Captured tigers form conflict situations must be assessed to determine the best course of action. Potential outcomes include:

  • Releasing the tiger where it is
  • Translocating the tiger elsewhere
  • Rehabilitation followed by release (with or without translocation)
  • Removing the tiger permanently from the wild

Both rehabilitation and translocation can be high risk strategies and are extremely costly to execute well. In many cases the only viable options may be permanent removal from the wild or release. Clearly such decisions should not be taken lightly and a through assessment of the situation should be made, including:

  • Health assessment
  • Demographic considerations
  • Available resources

Health assessment: Captured conflict tigers should undergo a full health assessment. (See Clinical examination). Poor health and inability to hunt effectively can certainly play a role in conflict between humans and tigers. There have been numerous cases of conflict tigers being injured or incapacitated in some way and resorting to predating on domestic animals or humans when they are unable to stalk and kill wild prey. In recent years, in Russia, there has also been an association between conflict and infection with Canine Distemper Virus. (Details of capture and immobilisation of tigers are given elsewhere). During the health assessment, particular attention should be paid to the following:-

  • General body condition: If the tiger is thin or underweight effort should be made to ascertain why this is the case. Are there injuries which have reduced its ability to hunt, for example? Or evidence of disease? In an otherwise healthy animal, poor body condition may be an indicator that there is insufficient prey within the tiger’s territory to support it. In this case it may be appropriate to consider translocation.
  • Reproductive status: Pregnant females are under increased metabolic stress and heavily pregnant animals may be less able to hunt. Those that are lactating will be nursing cubs, and the conflict may have occurred in response to a perceived threat. Nursing mothers should not be removed from the wild unless the cubs are also present and can be assessed at the same time. If this is not the case, but the mother is injured a GPS collar may be used to track the mother back to her cubs so the whole family can be assessed, and appropriate action can be taken.
  • Ambulation: One of the key requirements of hunting is the ability to move quickly and precisely. Damage to any of the limbs or digits may hinder this. In some cases, this damage may be reversible and the tiger therefore a candidate for rehabilitation and release. A common example of this is when a tiger may have been impaled by porcupine quills, causing soft tissue damage. Animals with bony injuries, such as fractures or amputations, do not tend to recover function as well, and therefore are less suited for rehabilitation and release. This is particularly the case when joints are affected.
  • Teeth: There is historic anecdotal evidence that ‘man-killers’ are the result of broken canine teeth. While this theory has been contested, teeth can be a good way of aging an animal and getting an idea of its general condition and fitness. For example, an older animal, with multiple broken teeth, may be more prone to conflict and not as well suited to release.
  • Infectious disease:  If tigers caught during conflict interventions are suffering from, or suspected of suffering from, a serious infectious disease that may be passed to other tigers, a period of treatment in rehabilitation may be necessary. Infection with Canine Distemper Virus would be an obvious example.
  • Collection of samples: Capture due to conflict is a great opportunity to screen for infectious disease. Such diseases could have implications at both the individual and population levels and the opportunity to sample these animals should not be missed. If facilities or finances do not allow for testing at the time, samples should still be collected and stored for screening at a later date. As a minimum all animals should be blood sampled, this should include 5 ml in heparin, 5 ml in EDTA, 5 ml in a plain tube and a further 10 ml which should be collected in a plain tube and then spun and separated for serum. In addition, at least three blood smears should be made. One of these should be stained with Diff-Quick, the remainder should be fixed with ethanol and frozen. A manual PCV should be recorded wherever possible. Additional samples of value include oral, conjunctival and genital swabs, urine and faeces, and the removal and storage of any ticks present.
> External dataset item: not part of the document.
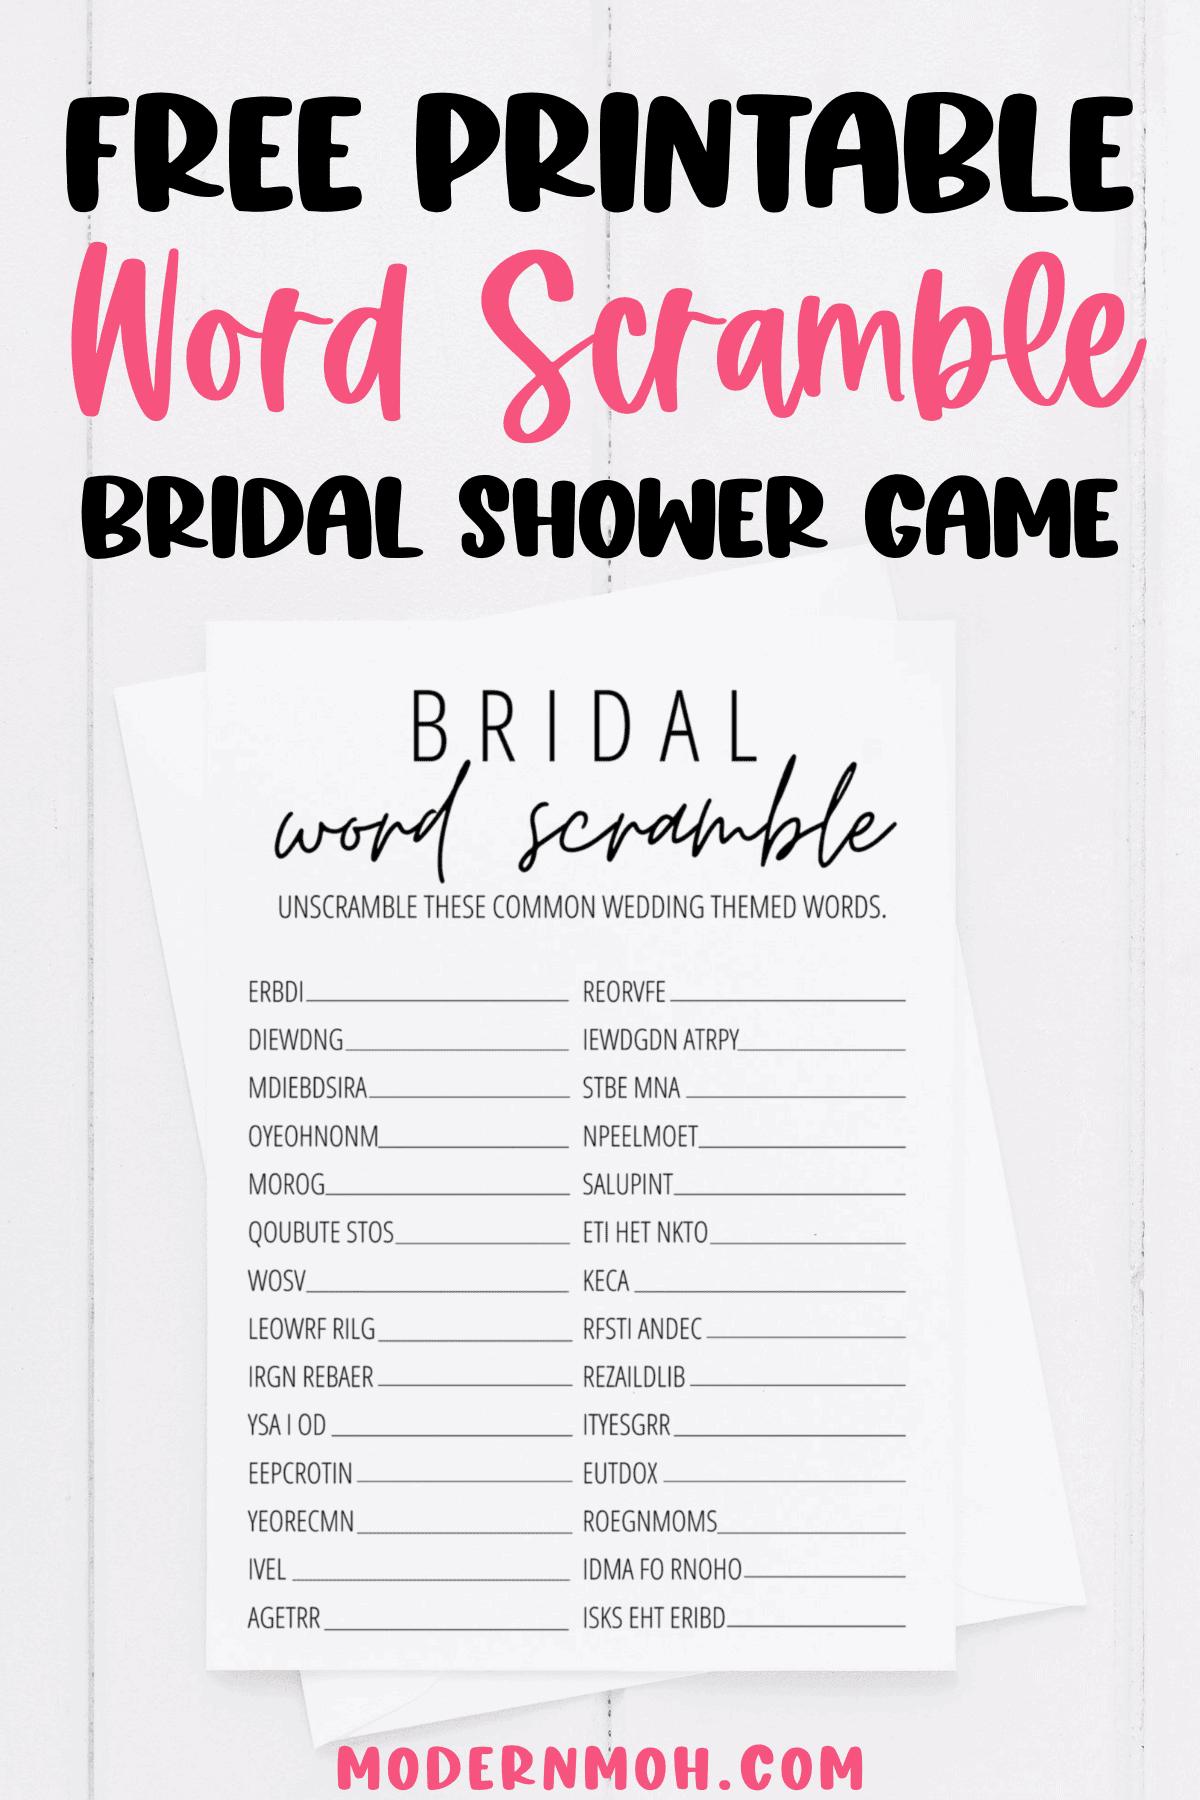 Bridal Shower Word Scramble Free Printable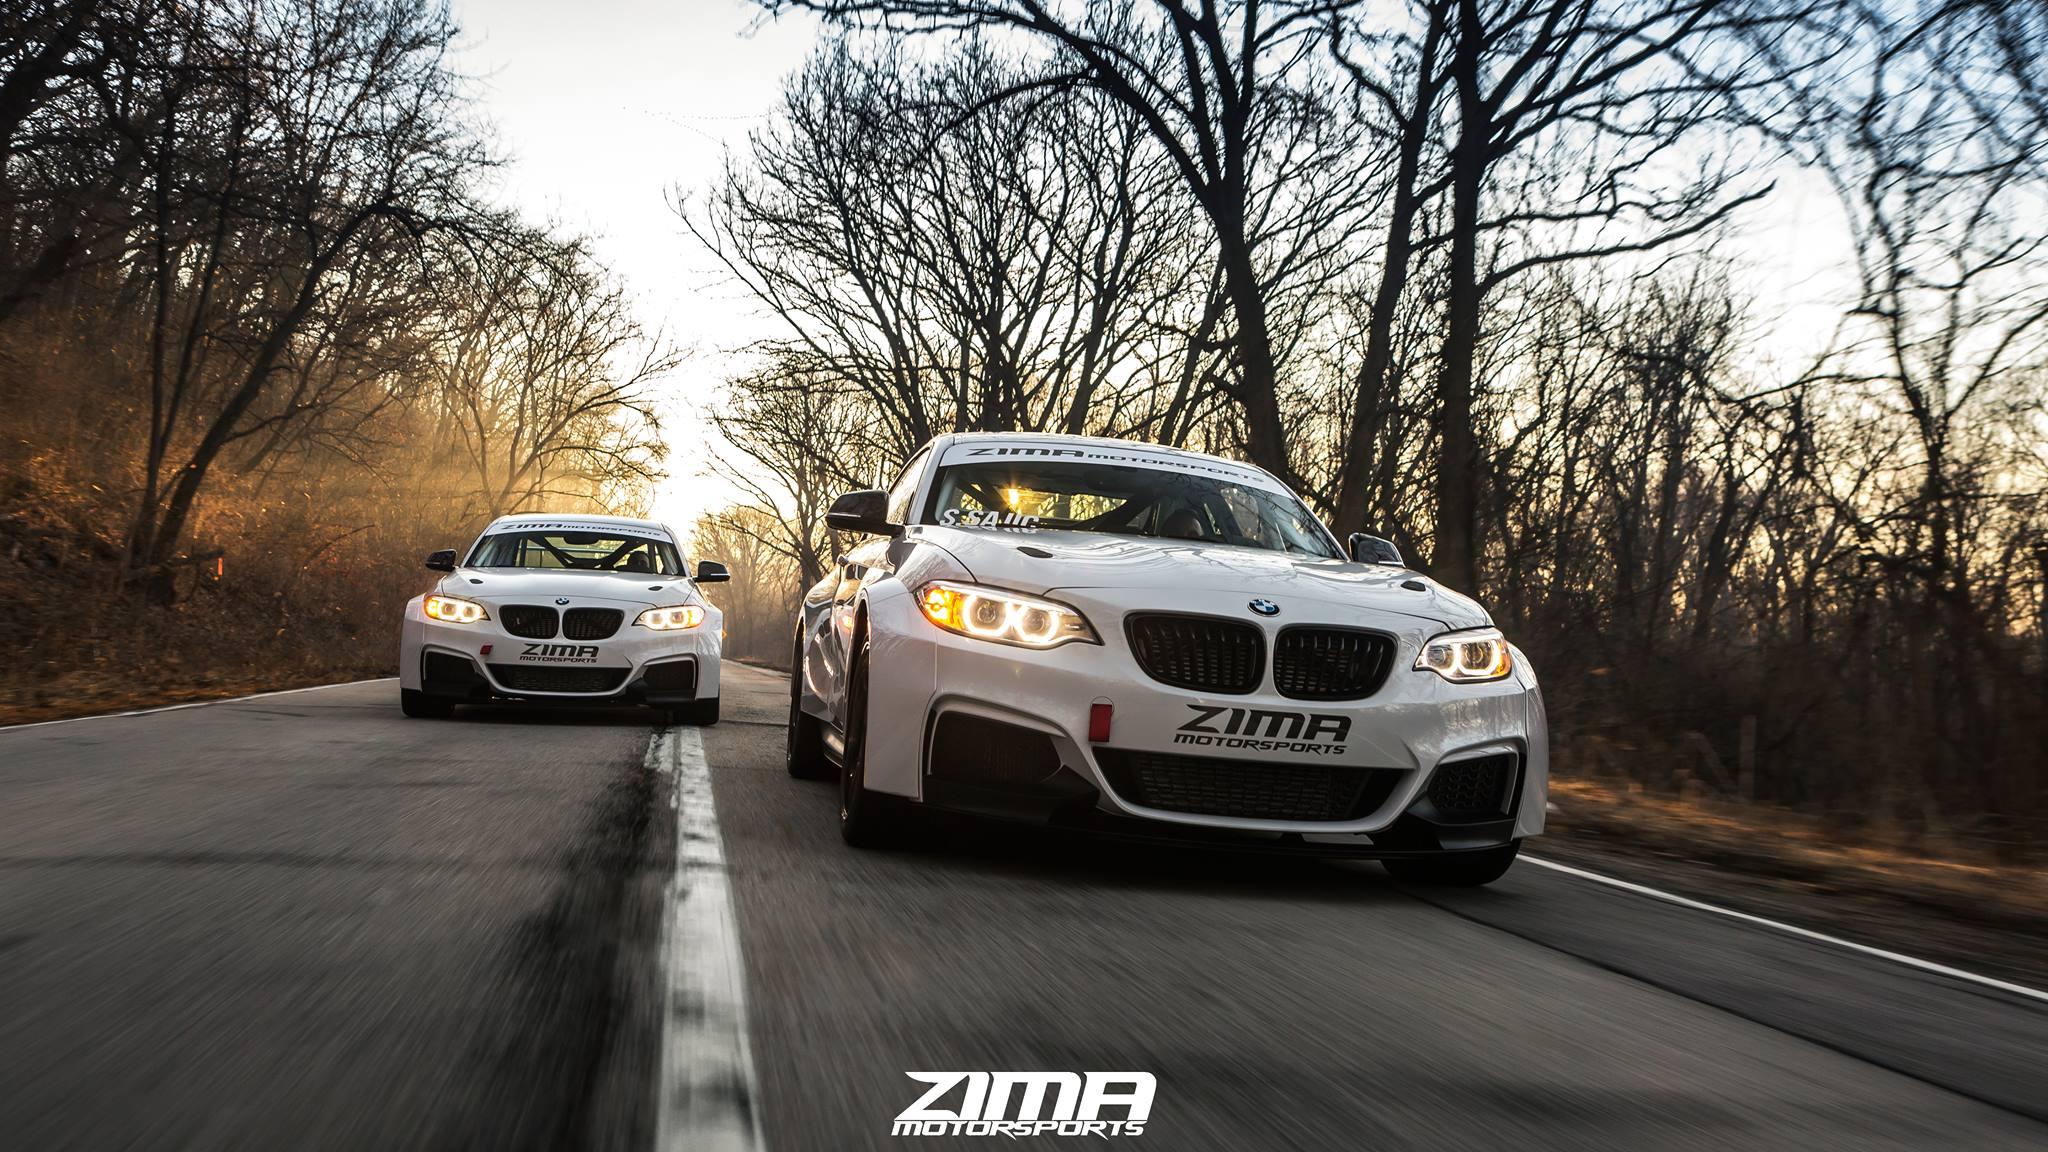 ZIMA BMW M235i racing

Demographic considerations: Demographic factors, such as age and gender, can contribute to decision making. Such considerations can help us to understand the wider impact of removal and the likelihood that strategies such as translocation will be successful. Although this section makes reference to animals which should be prioritised’ it is important to realise that it is unlikely that managers will have to face a choice between two individuals. Instead these guidelines are designed to help managers make the best decision for the animal in question.

  • Cubs and subadults: Orphaned cubs may often be involved in conflict after their mothers are poached or severely injured. The tendency is often to bring such animals into captivity, assuming they will be unable to sustain themselves in the wild. However, cubs as young as 7 months old have been reported to be able survive in Russia, a country which arguably has the harshest environment. Cubs even younger than that may be capable of survival if they are supported with supplementary feeding. If, instead, these animals are removed, it will be much harder to release them later. In most cases they will become to habituated and will not have had the benefit of learning to hunt in the wild, making them unsuitable for release. Young adults and adolescents (aged between 1 and 3) may be most suitable for translocation as this is the age when they would normally be dispersing and establishing territories. They are also less likely to have established territories or be breeding already, meaning their removal is less likely to disrupt local dynamics and they are less likely to try to return. However, translocations are expensive and complicated and should be undertaken with caution.
  • Mature adults (aged between 3 and 11) should ideally be released on site. Any form of removal may disrupt the local population structure and affect breeding. Translocation of these animals is likely to be unsuccessful as they will often return to their previous territories. Even if these animals are successfully removed (through translocation or removal from the wild), other tigers will often move in to take over the territory and problems may re-start. Therefore, removal is only indicated if these animals are injured, unwell, or predating on humans.
  • Old animals (aged 12 and above) are most suited to permanent removal. Even if there are no obvious external signs of ill health these animals are more likely to suffer from age-related disease, such as arthritis, and this may well be driving the conflict behaviour. Such animals may have already lost their territories to a challenge from a younger, fitter animal and may be transient. They are also less likely to be actively breeding. These combined factors may mean their removal has less of an impact.
  • Gender: In stable populations, adult females outnumber adult males by up to four to one, and females rear their cubs alone. Therefore, in the most general terms, more female tigers are required for breeding, and maintaining the population, and thus females should be prioritised over males. Natural mortality in adolescent males is high as this is the time when they would normally disperse, travelling long distances to find suitable habitat and fighting to establish territories. Given this, the removal of young males may be form part of this natural loss and may have little effect on the wider population. However, the removal of an established adult male may have much greater consequences. There may be fighting between younger males who want to take on the territory and challenges from established neighbours seeking to expand. Incoming males have been known to practice infanticide, which may result in the loss of cubs, and injury or death to females that try to protect them. The longer instability persists, the greater these effects. By comparison the removal of a breeding female may have a much smaller impact, affecting only herself and any dependent offspring.

Facilities and resources: In many cases the facilities and resources available may be very significant factors in deciding the course of action. Both translocation and rehabilitation are extremely complicated and costly to execute well. Managers should not be ashamed of recognising that they may not have the resources needed to carry out such interventions safely, – instead such reflection and pragmatism should be applauded. After all, there are considerable risks in carrying out these interventions, and these risks are made even greater when resources are limited.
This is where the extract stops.